On some of these issues, Ovide’s response is that “social issues” aren’t important, that this election should be about the economy. That is what Ovide’s wing of the Republican Party told us in 2010. The next thing we knew we were arguing over birth control and whether Barack Obama was born in Kenya, Egypt or Hawaii.

Ovide’s economic positions aren’t terrific, either. In a debate he said he wants a new economic plan to be done before proceeding further with our 10 year highway plan — a plan already based on studying and prioritizing the state’s infrastructure needs. When it was pointed out that a new study would delay the 93 widening project, he backtracked, but it showed that he did not have enough familiarity with the process. On commuter rail, he wants to study extending it to Nashua, ignoring the major positive impact it would have on the rest of the state if extended. The only expanded legalized gambling proposal he would consider is Rockingham Park, rather than an open, competitive bid process that would provide a better return for the state.

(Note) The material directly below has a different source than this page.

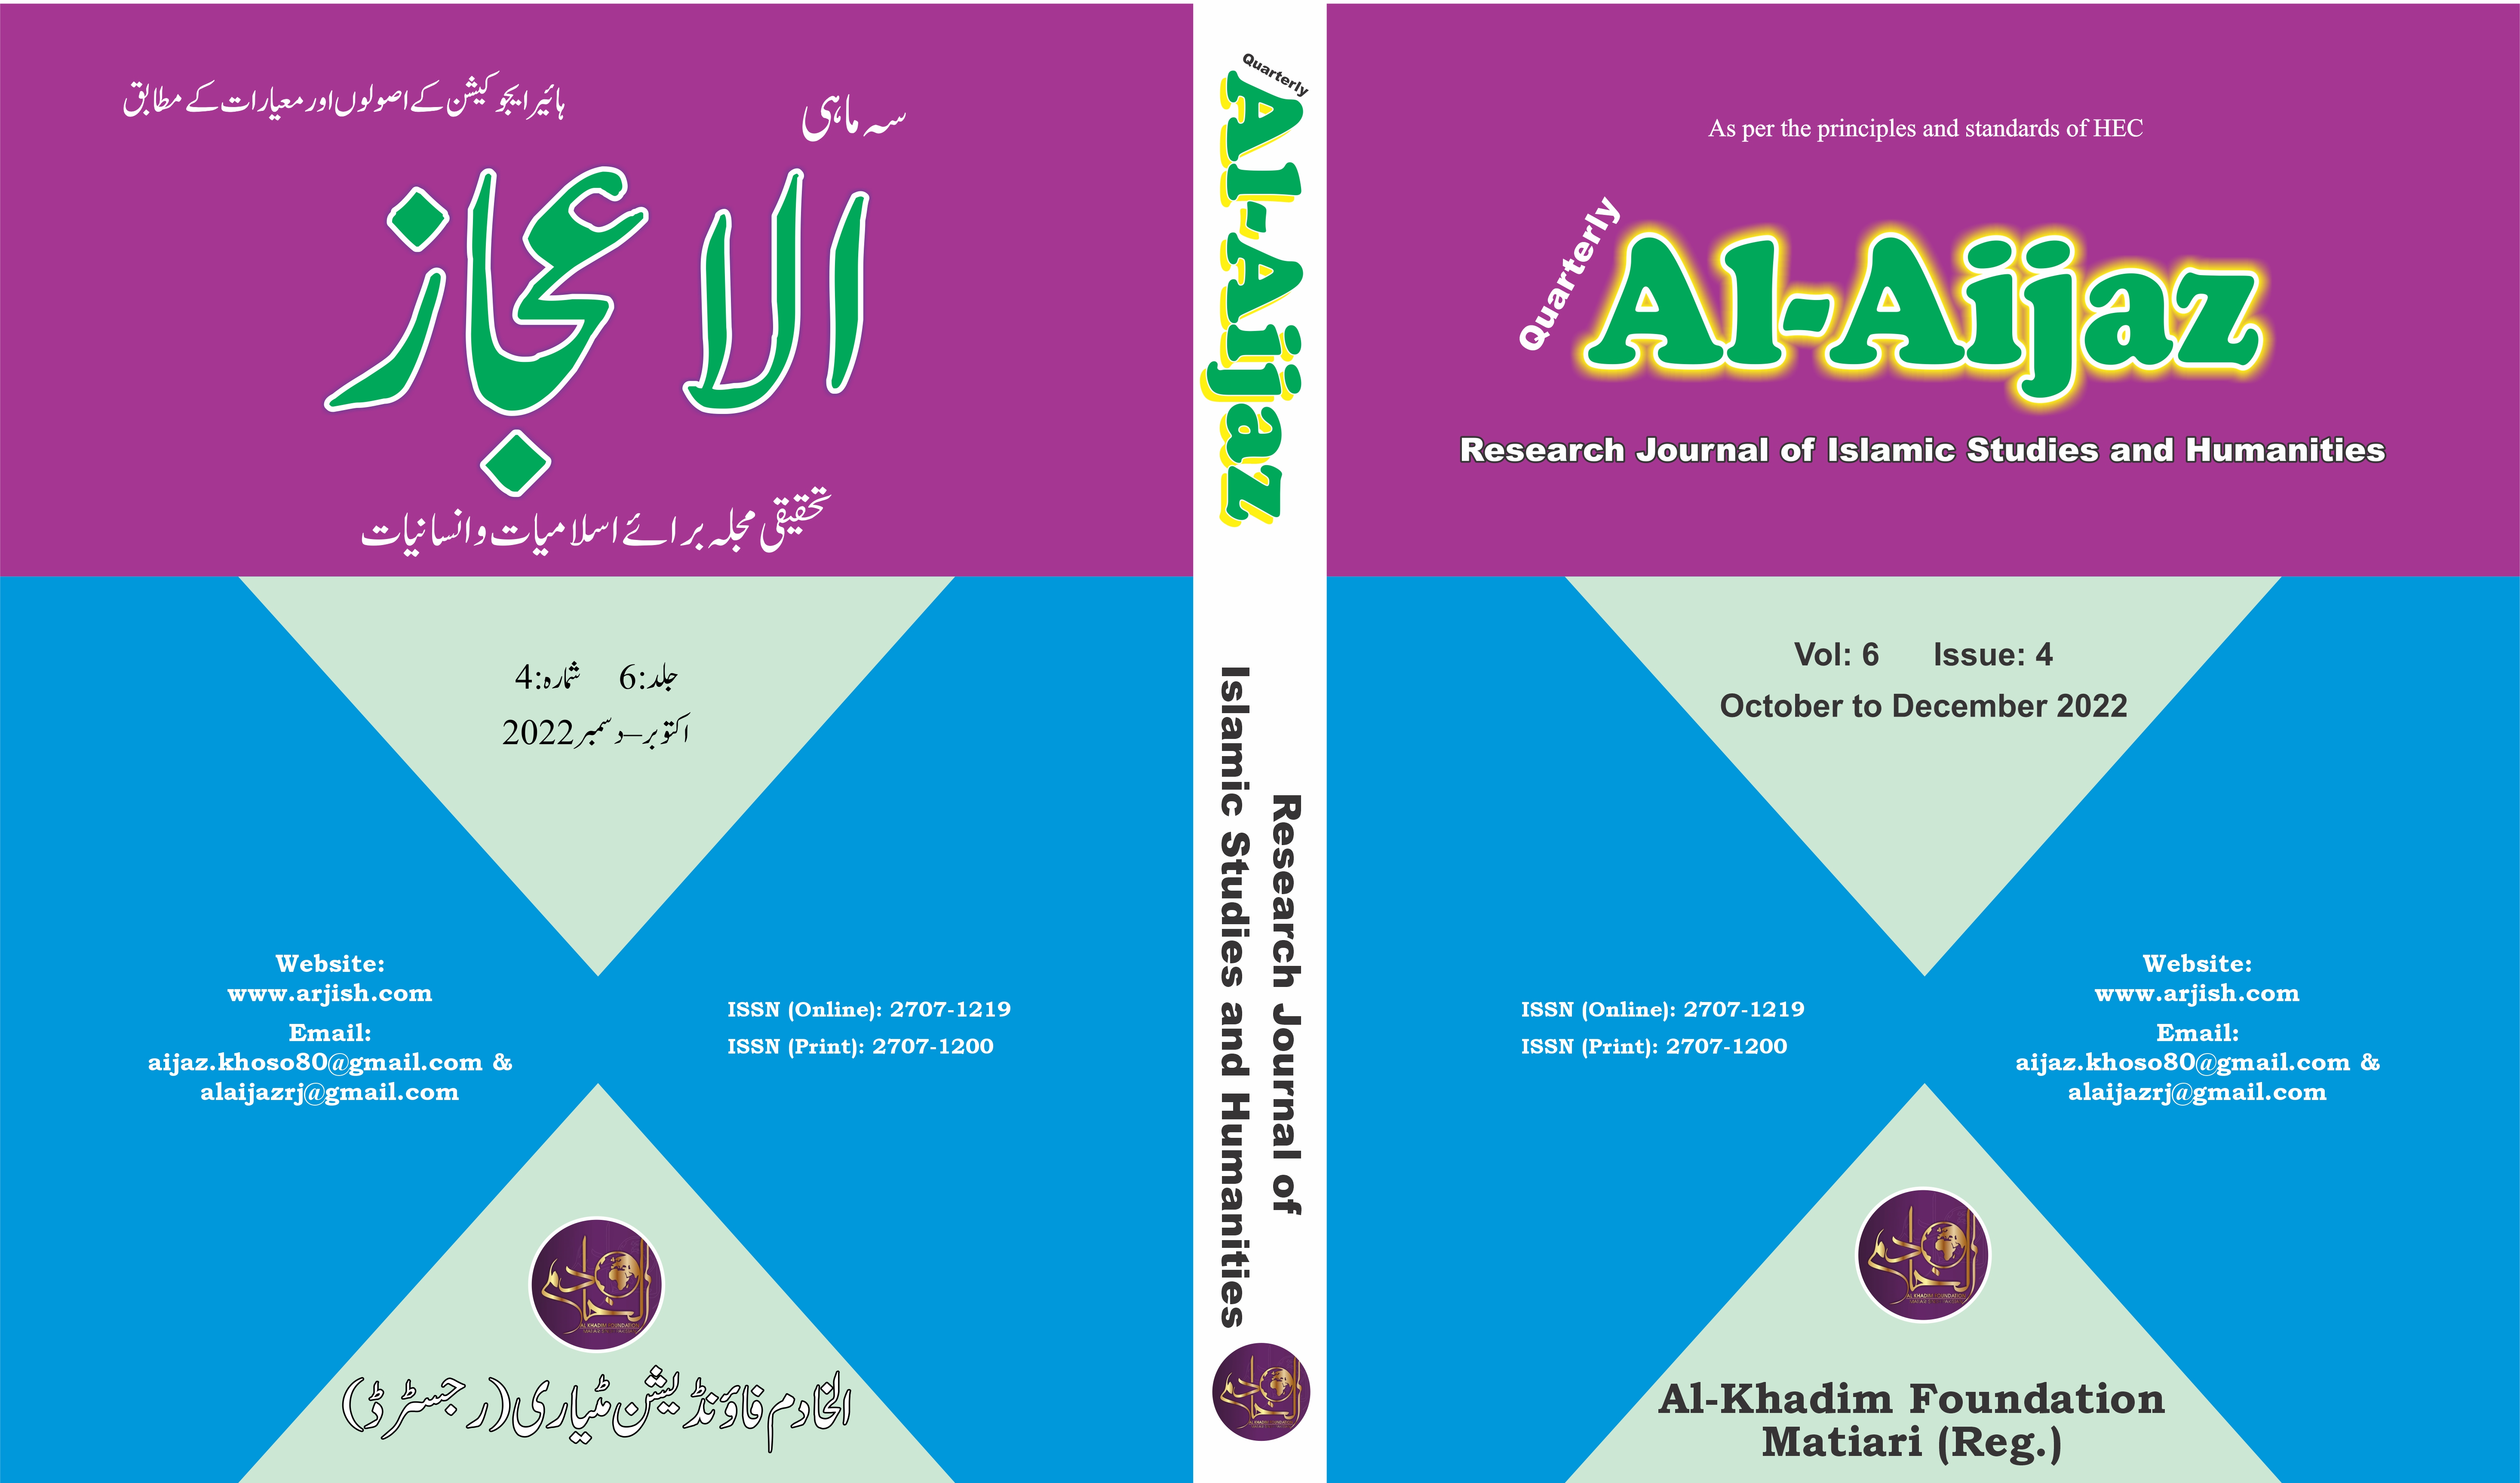 					View Vol. 6 No. 4 (2022): Al-Aijaz Research Journal of Islamic Studies & Humanities (October to December 2022)
				
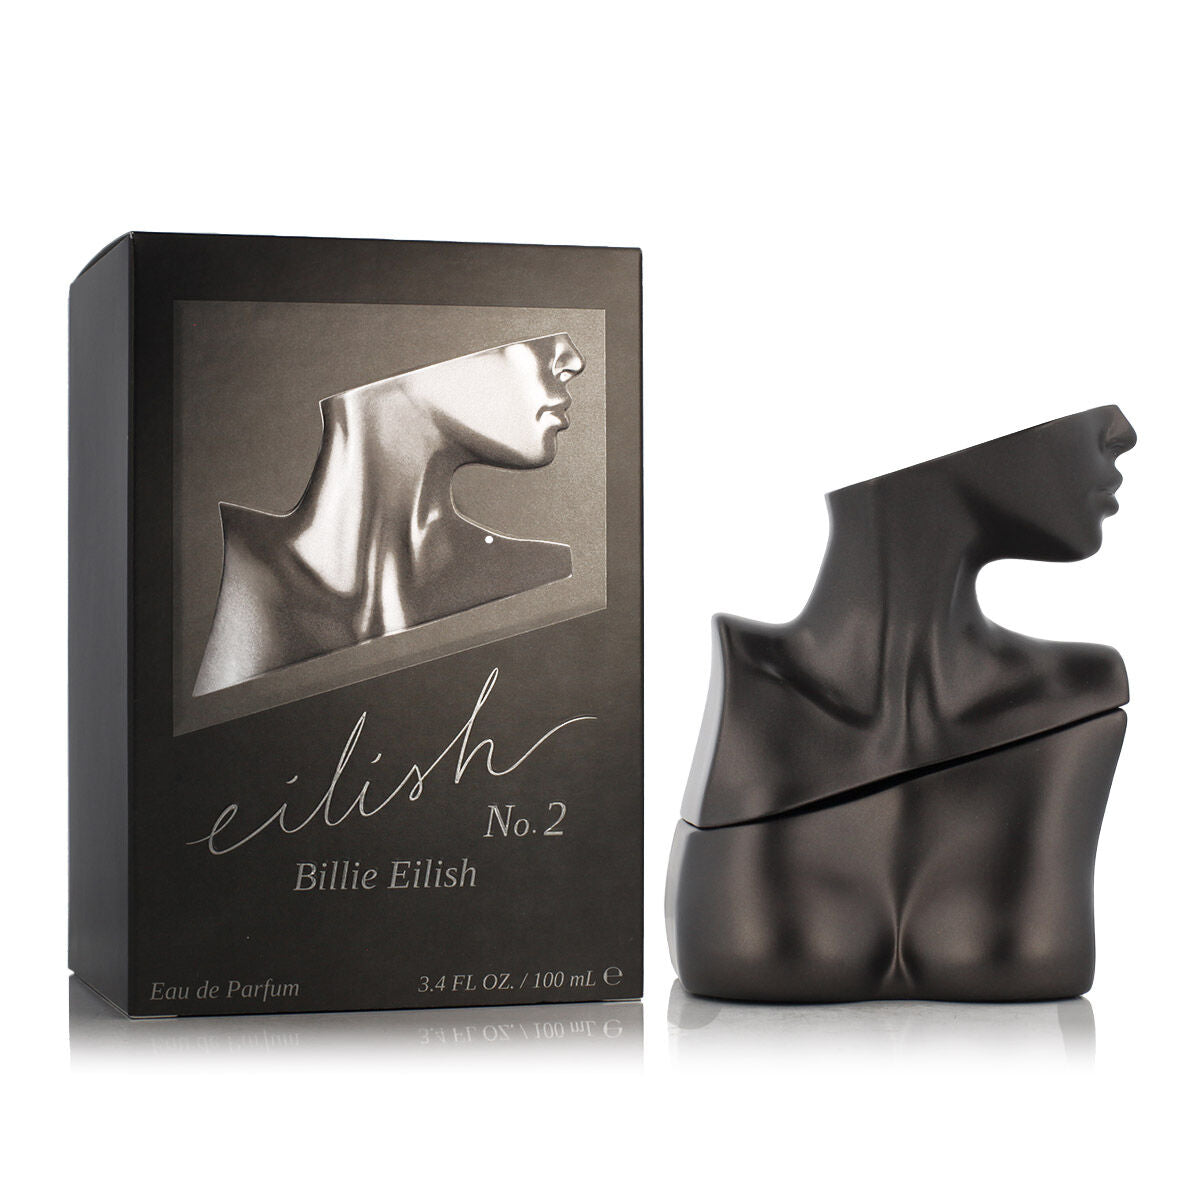 Perfume unisexe Billie Eilish Edp Eilish nº 2 100 ml

This is the same Ovide Lamontagne who was too extreme for New Hampshire in 1996, when he lost the governor’s race to Jeanne Shaheen. This is the same Ovide Lamontagne who recently called himself the Tea Party favorite. He is not New Hampshire.

Kathy Sullivan is a Manchester attorney and member of the Democratic National Committee. She was chairman of the New Hampshire Democratic Party from 1999-2007.